The problem hadn’t been the radio transmission, of that Mary Pat was certain. She’d read both the raw data and the analysis. Somebody had been transmitting from that cave using recognized URC plain-speak code packets. One of the words—
Lotus
—is something they’d seen before, both in asset debriefs from case officers and in NSA Driftnet intercepts, but what it meant no one had been able to determine.
They’d long suspected the URC had gone old school for its encrypted communications, employing onetime pads, essentially a point-to-point protocol where only the sender and receiver had the pad required to decrypt the message. The system was ancient, dating back to the Roman Empire, but reliable and, provided the pads were in fact fully randomized, nearly impossible to break unless you got your hands on a pad. On a Tuesday, say, Bad Guy A would send a series of key words—
dog, cabbage, chair
—to Bad Guy B, who, using his own pad, would convert the words to their alphanumeric value, so
dog
would translate into 4, 15, and 7, which in turn would translate into a different word altogether. Special Forces teams in Afghanistan had in raids captured a number of onetime pads, but none were current, and so far neither the CIA nor the NSA had been able to glean a pattern from which they might extrapolate a key.

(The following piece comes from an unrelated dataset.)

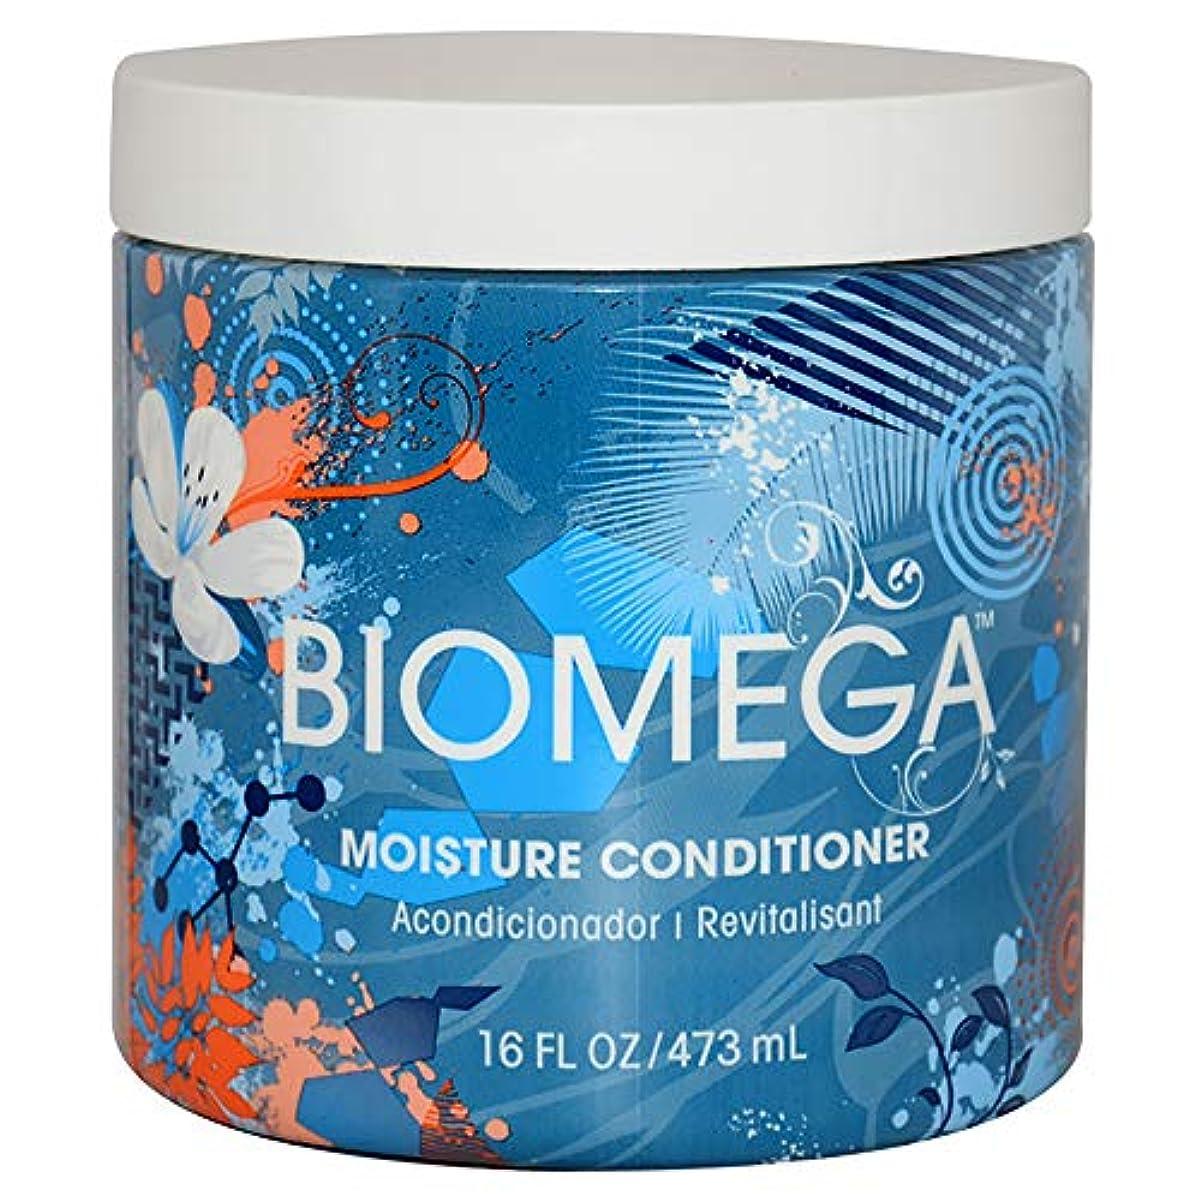 鮮やかな卵今日Biomega モイスチャーコンディショナー (16oz) [並行輸入品]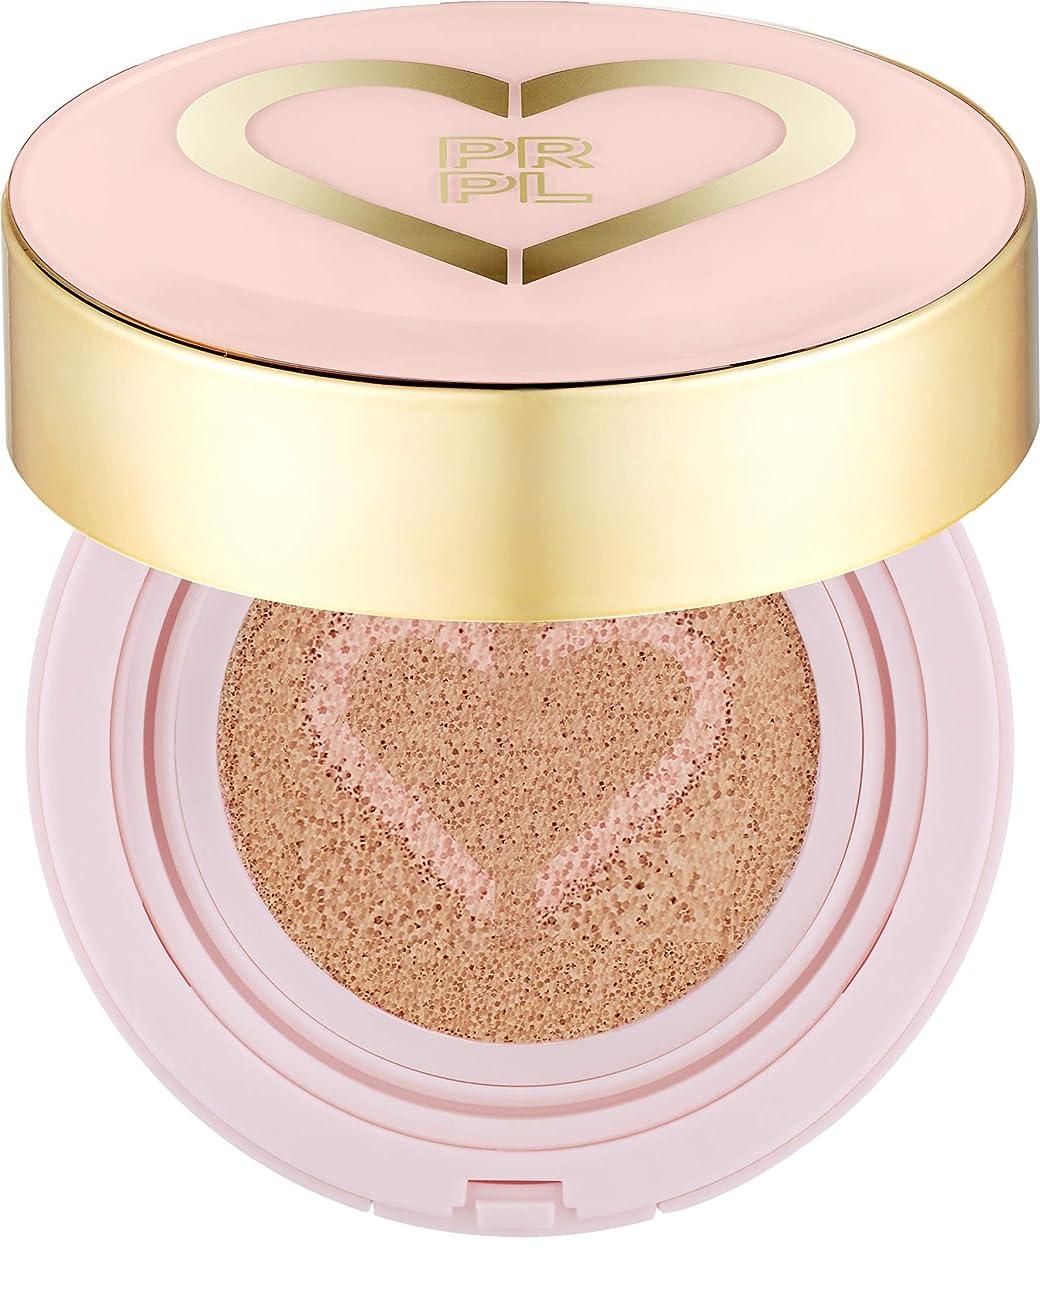 男やもめアラーム迷惑PRPL Heart Face Cushion - cover and glow cushion foundation, Korean make-up and skincare cosmetics (#23 Pure Beige)

There were downsides to the system, however. First, it was cumbersome. For it to work properly, senders and receivers had to be working on the same physical pads, switching to a new one at the same intervals, the more often the better, which in turn required couriers to move between Bad Guy A and Bad Guy B. Whereas the CIA had Acre Station dedicated to hunting down the Emir, the FBI had a working group called Clownfish, dedicated to intercepting a URC courier.
The big question, Mary Pat knew, was: What had prompted whoever had been living in the cave to bug out shortly before the team hit the ground? Dumb coincidence or something more? She doubted it was human error; Rangers were too good for that. She had, in fact, read the after-action report earlier that day, and in addition to a broken wheel suffered by the team’s CO and Driscoll’s own injury, the op had been costly: two dead and two wounded. All that for a dry hole.
Barring coincidence, the most likely culprit was word of mouth. Rare was the day a helo could lift off from bases in either Pakistan or Afghanistan without a URC soldier or sympathizer taking note and making a call, a problem that had partially been solved by Special Forces teams making short, random hops around the countryside in the hours and days leading up to an op as well as using offset waypoints en route to the target, both of which helped keep prying eyes guessing. The rugged and unforgiving terrain made this problematic, though, as did the weather, which often made certain routes impassable. Just as Alexander the Great’s Army and the Soviets after them had learned, the geography of Central Asia was a foe unto itself.
And an unconquerable one at that,
Mary Pat thought. You either learned to live with it or work around it, or you failed. Hell, both Napoléon and Hitler had learned that lesson—albeit belatedly—each during a bold, if ill-advised, wintertime invasion of Russia. Of course, each of them had been certain of a quick victory, long before the snow started flying. And, hell, in Russia the land was nice and flat. Add mountains to the mix . . . Well, you’ve got Central Asia.